Соланж подняла руку и коснулась пальцами её запястья. Девушка вздрогнула не от отвращения, а от неожиданности.
Пульс частый. Кожа холодная.
— Ты меня боишься? — спросила Соланж ровно.
Элоиза растерялась так, будто не знала, какой ответ здесь безопасен.
— Нет, мадам… да… то есть…
— Прекрасно, — тихо сказала Соланж. — Уже честнее, чем половина людей, с которыми я имела дело в прошлой жизни.
Элоиза моргнула.
— Что, мадам?
— Ничего. Скажи мне лучше: кто в этом доме главный?
Вопрос попал точно в нерв.
Девушка побледнела так заметно, что даже скулы ушли в тень.
— Мадам…
— Элоиза.
— Я не могу…
— Можешь.
Соланж говорила негромко, но с той особой уверенностью, которая не нуждается в крике. Элоиза смотрела на неё, не моргая.
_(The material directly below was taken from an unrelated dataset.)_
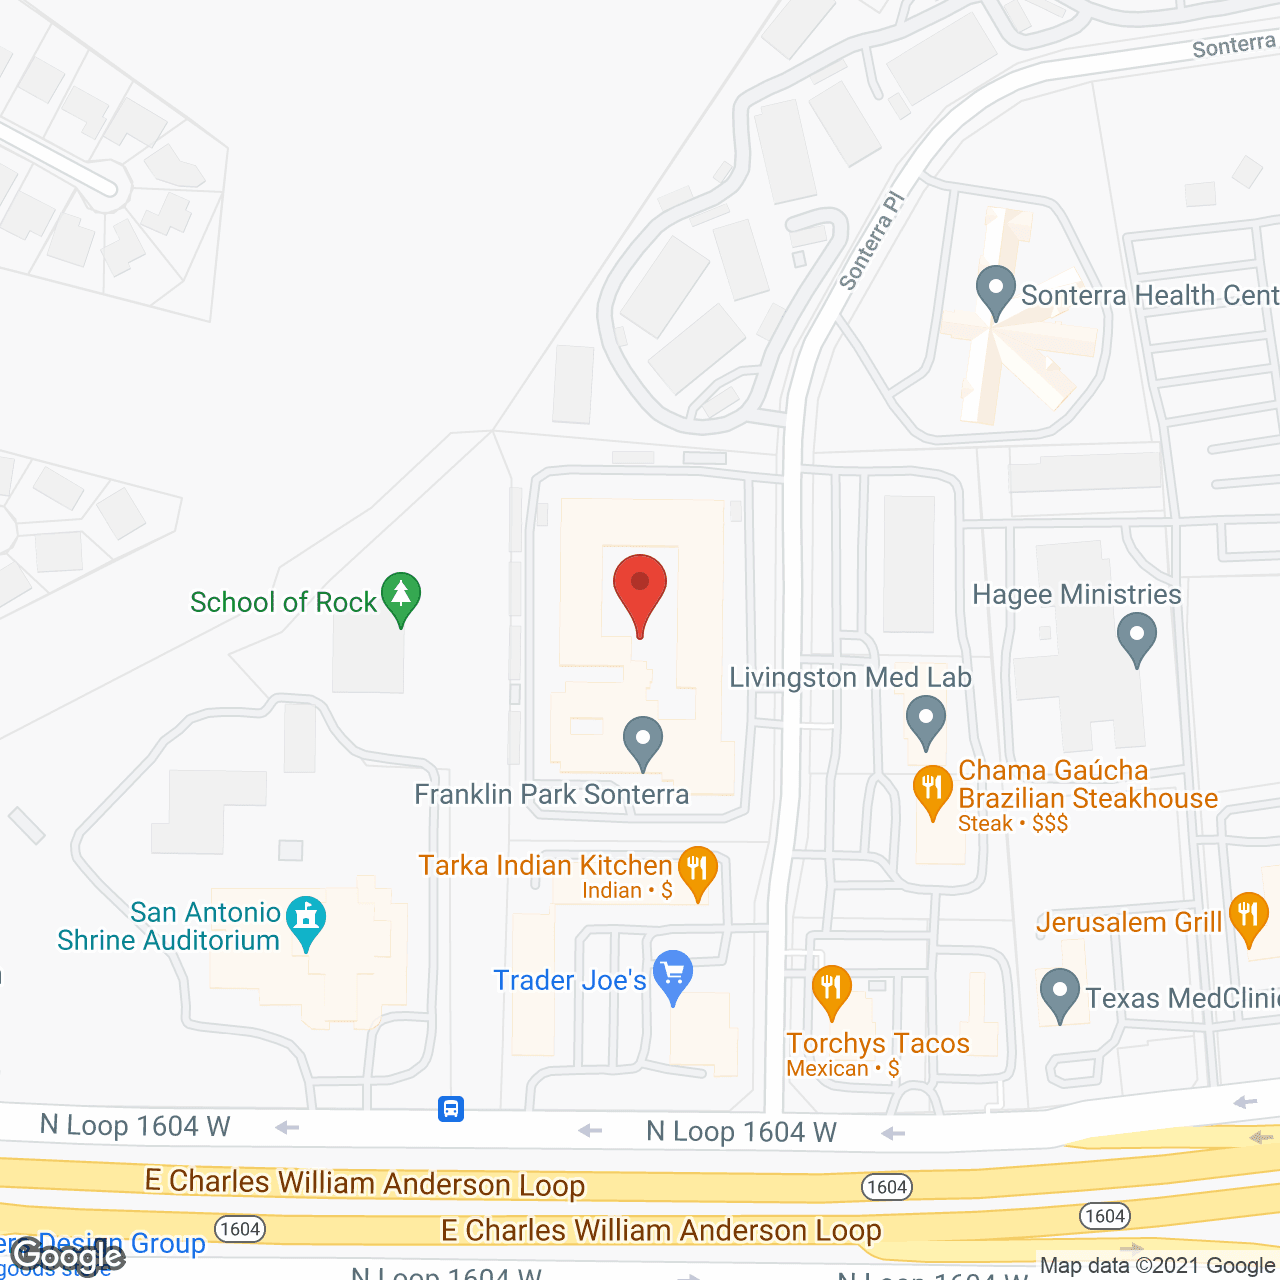 Franklin Park Sonterra - AL in google map

— Кто распоряжается? — повторила Соланж. — Кто отдаёт приказы слугам? Кто держит ключи? Кто решает, кому что подавать к столу, какие комнаты топить, кого впускать, кого нет?
Элоиза сглотнула.
— Госпожа маркиза.
Маркиза.
Вот оно.
— Моя свекровь? — уточнила Соланж.
Элоиза кивнула.
— А муж?
На лице девушки отразилось сложное, почти детское замешательство. Она явно не хотела отвечать дурно о хозяине, но ложь давалась ей плохо.
— Господин… господин добрый.
Перевод: решений не принимает.
— Добрый, — повторила Соланж. — Это не должность.
Элоиза сжала губы.
— Господин часто… советуется с матерью.
— Как трогательно. А я?
Служанка молчала.
— Элоиза.
— Вы… — девушка опустила глаза, — вы раньше не любили, когда вас тревожили. И… доверяли госпоже маркизе.
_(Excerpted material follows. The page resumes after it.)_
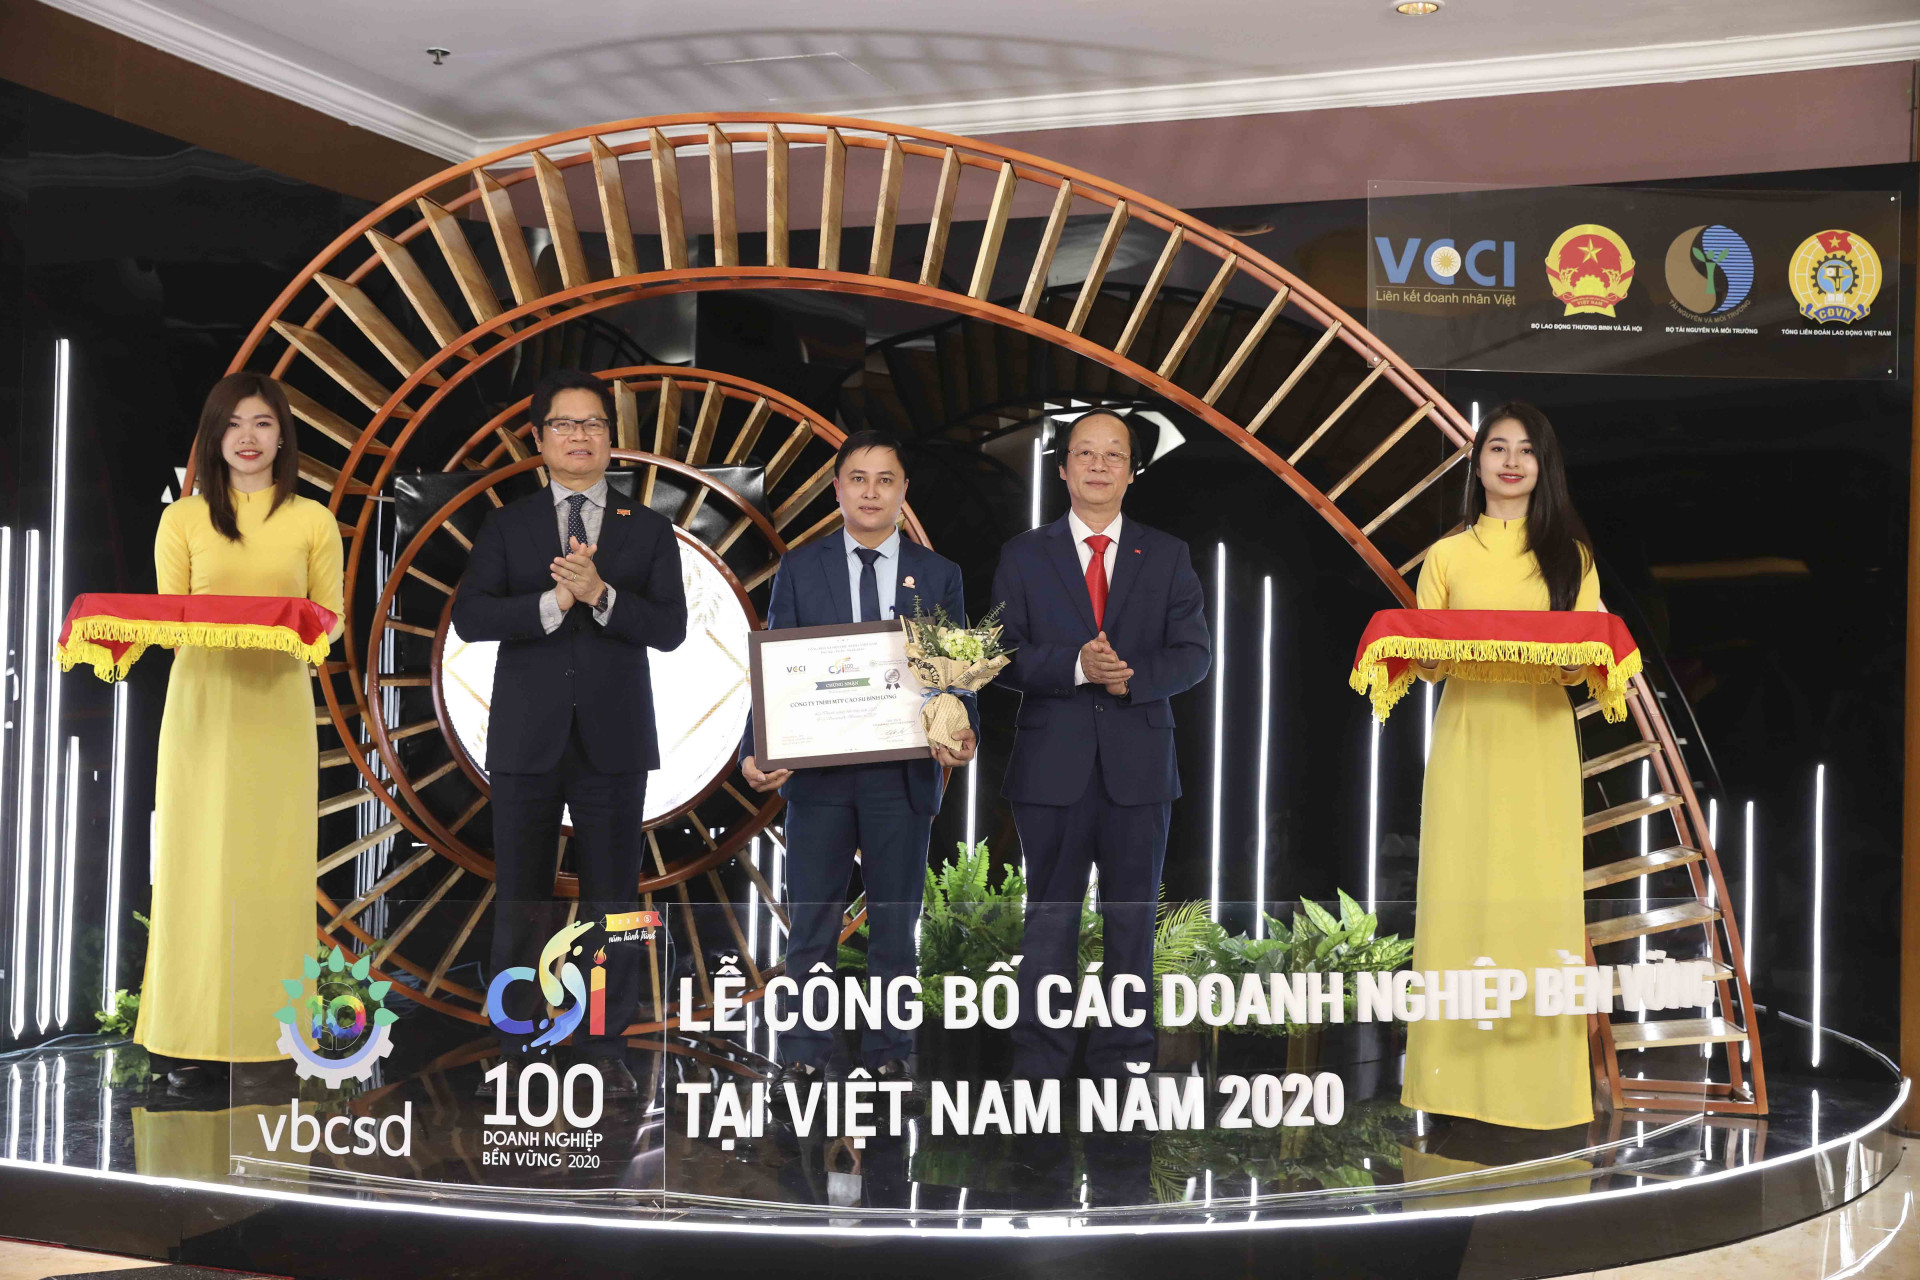  Đại diện Công ty Yến sào Khánh Hòa nhận chứng nhận CSI năm 2020

Ну конечно. Не тревожили. Удобная, тихая, доверчивая. Подарок, а не невестка.
Соланж медленно опустила голову на подушки и на мгновение прикрыла глаза. В груди снова кольнуло. Слабость расползалась от плеч к кончикам пальцев, но разум уже работал слишком хорошо, чтобы она могла позволить себе провалиться обратно в сон.
Маркиза. Свекровь. Дом. Муж, который «советуется». Служанка, привыкшая бояться. Прежняя хозяйка тела — тихая, уязвимая, отстранённая. Молодая жена, несколько лет живущая в доме мужа. Осенняя вода, падение, воспаление лёгких. Всё это складывалось в картину не счастливого брака и не свободной хозяйки, а тщательно организованной зависимости.
И почему-то Соланж совсем не удивилась.
Жизнь вообще редко бывает оригинальна в своих жестокостях. Она просто меняет мебель, ткани, названия титулов, а суть оставляет прежней: удобную женщину легче всего выдать замуж за того, кому нужен не партнёр, а спокойная передача имущества и бесконфликтный интерьер.
Она открыла глаза.
— Зеркало.
Элоиза, уже начинавшая понимать, что с хозяйкой что-то необратимо изменилось, бросилась к туалетному столику у стены и принесла овальное зеркало в серебряной, чуть потемневшей оправе.
Соланж взяла его обеими руками.
Из зеркала на неё смотрела не та женщина, которая вчера — если уместно было говорить о «вчера» — нюхала ирис и шалфей у себя на кухне в Грассе.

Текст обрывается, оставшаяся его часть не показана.